In some embodiments, the polynucleotide comprises SEQ ID NO: 6 or a nucleotide sequence at least 80%, 85%, 90%, 95%, 96%, 97%, 98%, or 99% identical to SEQ ID NO: 6. In some embodiments, the polynucleotide comprises a nucleotide sequence at least 80%, 85%, 90%, 95%, 96%, 97%, 98%, or 99% identical to SEQ ID NO: 6, and encodes a functional hSMN1 polypeptide, such as a hSMN1 polypeptide having at least 10%, 20%, 30%, 40%, 50%, 60% 70%, 80%, 90%, 100% or more activity of the polypeptide of SEQ ID NO: 21. In some embodiments, the polynucleotide comprises a nucleotide sequence at least 80%, 85%, 90%, 95%, 96%, 97%, 98%, or 99% identical to SEQ ID NO: 6, and encodes the polypeptide of SEQ ID NO: 21 or an allelic variant thereof.

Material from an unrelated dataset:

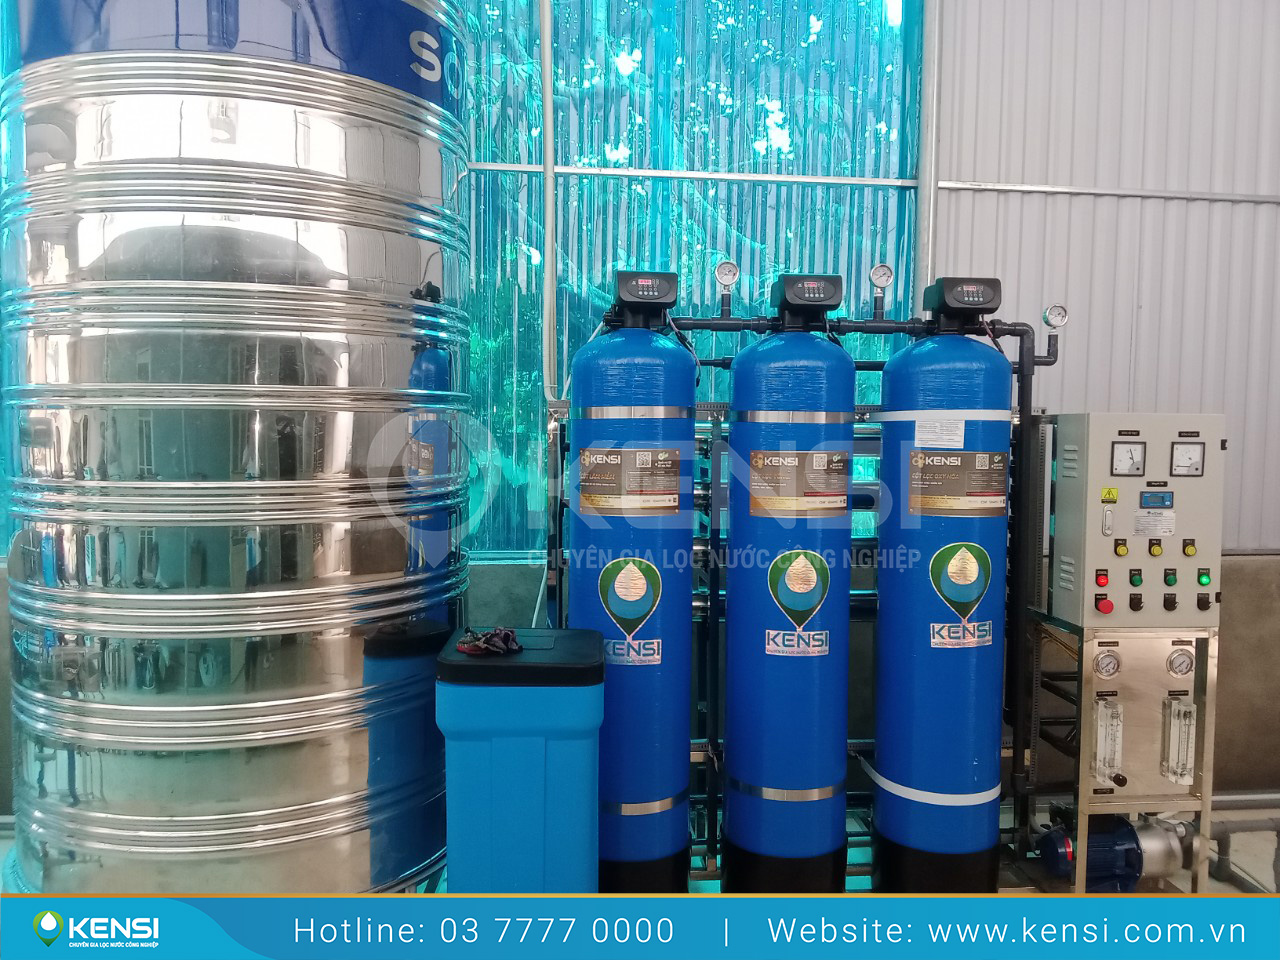 Tekcom cung cấp thiết bị và giải pháp xử lý nguồn nước cứng
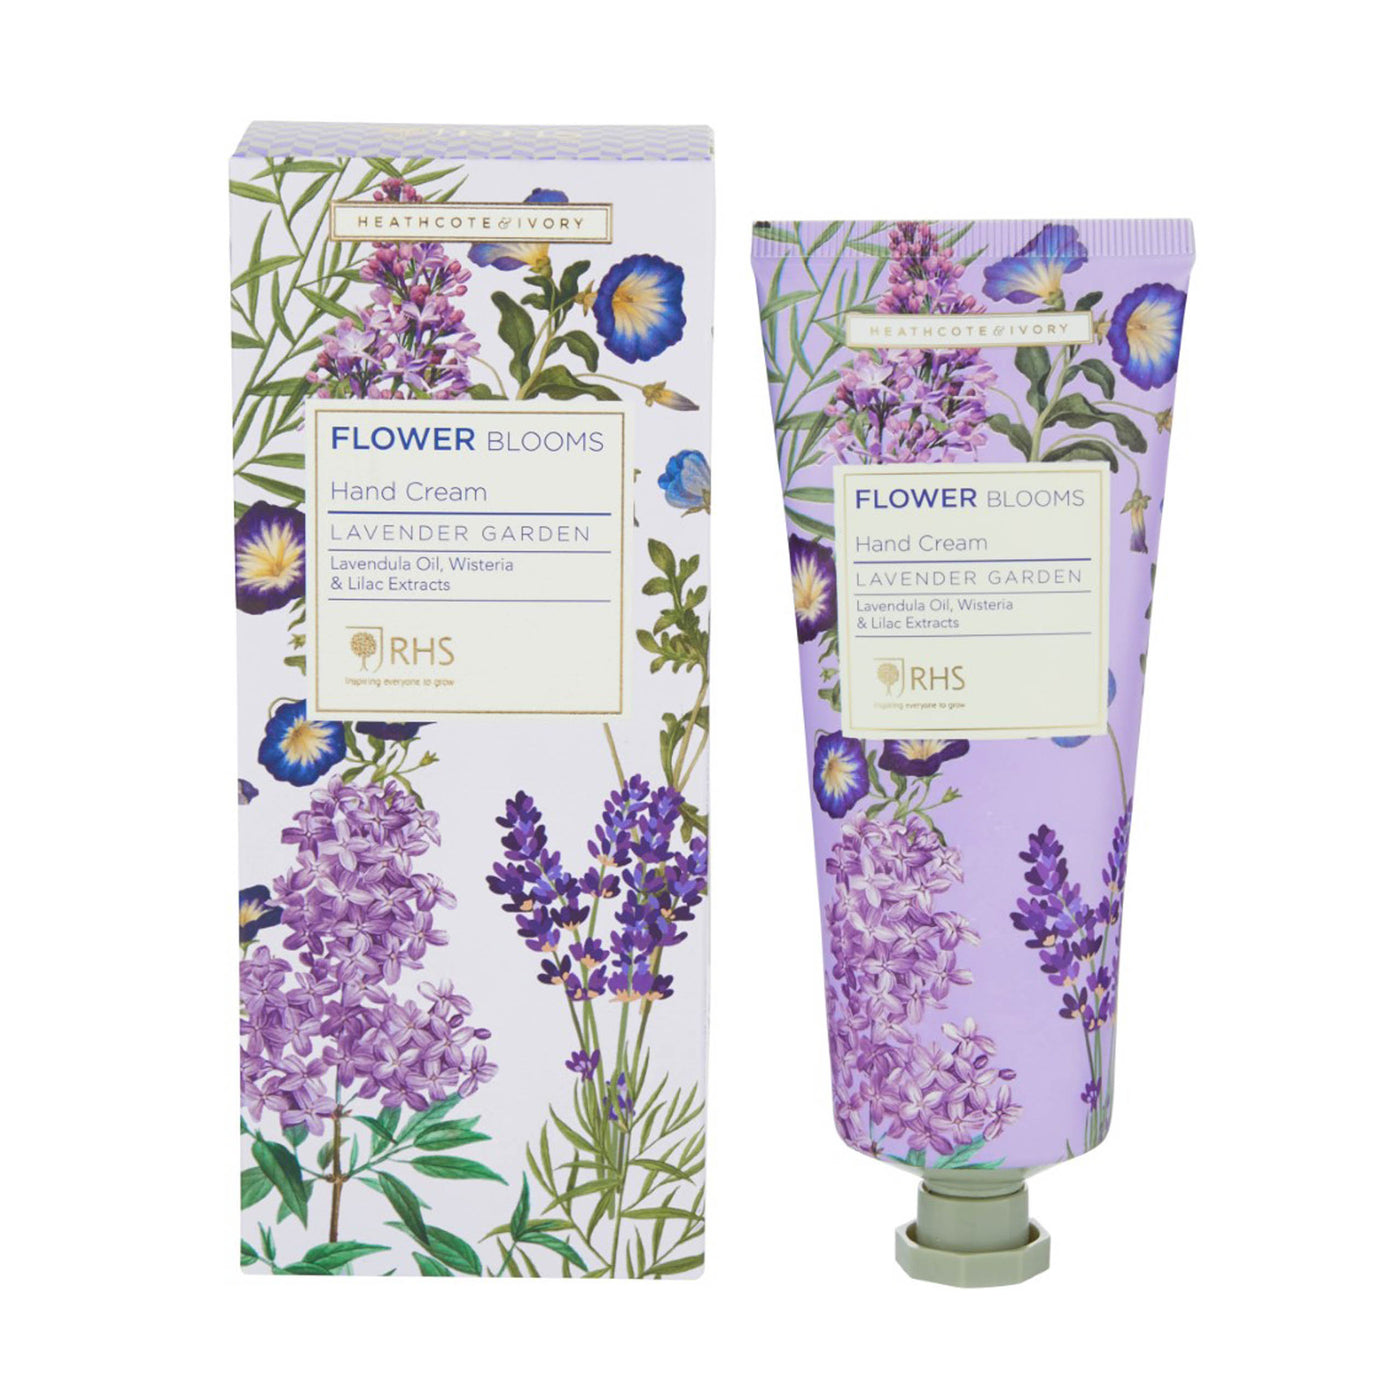 RHS Lavender Garden Hand Cream - Heathcote & Ivory

In some embodiments, the polynucleotide comprises SEQ ID NO: 7 or a nucleotide sequence at least 80%, 85%, 90%, 95%, 96%, 97%, 98%, or 99% identical to SEQ ID NO: 7. In some embodiments, the polynucleotide comprises a nucleotide sequence at least 80%, 85%, 90%, 95%, 96%, 97%, 98%, or 99% identical to SEQ ID NO: 7, and encodes a functional hSMN1 polypeptide, such as a hSMN1 polypeptide having at least 10%, 20%, 30%, 40%, 50%, 60% 70%, 80%, 90%, 100% or more activity of the polypeptide of SEQ ID NO: 21. In some embodiments, the polynucleotide comprises a nucleotide sequence at least 80%, 85%, 90%, 95%, 96%, 97%, 98%, or 99% identical to SEQ ID NO: 7, and encodes the polypeptide of SEQ ID NO: 21 or an allelic variant thereof.

In some embodiments, the polynucleotide comprises SEQ ID NO: 8 or a nucleotide sequence at least 80%, 85%, 90%, 95%, 96%, 97%, 98%, or 99% identical to SEQ ID NO: 8. In some embodiments, the polynucleotide comprises a nucleotide sequence at least 80%, 85%, 90%, 95%, 96%, 97%, 98%, or 99% identical to SEQ ID NO: 8, and encodes a functional hSMN1 polypeptide, such as a hSMN1 polypeptide having at least 10%, 20%, 30%, 40%, 50%, 60% 70%, 80%, 90%, 100% or more activity of the polypeptide of SEQ ID NO: 21. In some embodiments, the polynucleotide comprises a nucleotide sequence at least 80%, 85%, 90%, 95%, 96%, 97%, 98%, or 99% identical to SEQ ID NO: 8, and encodes the polypeptide of SEQ ID NO: 21 or an allelic variant thereof.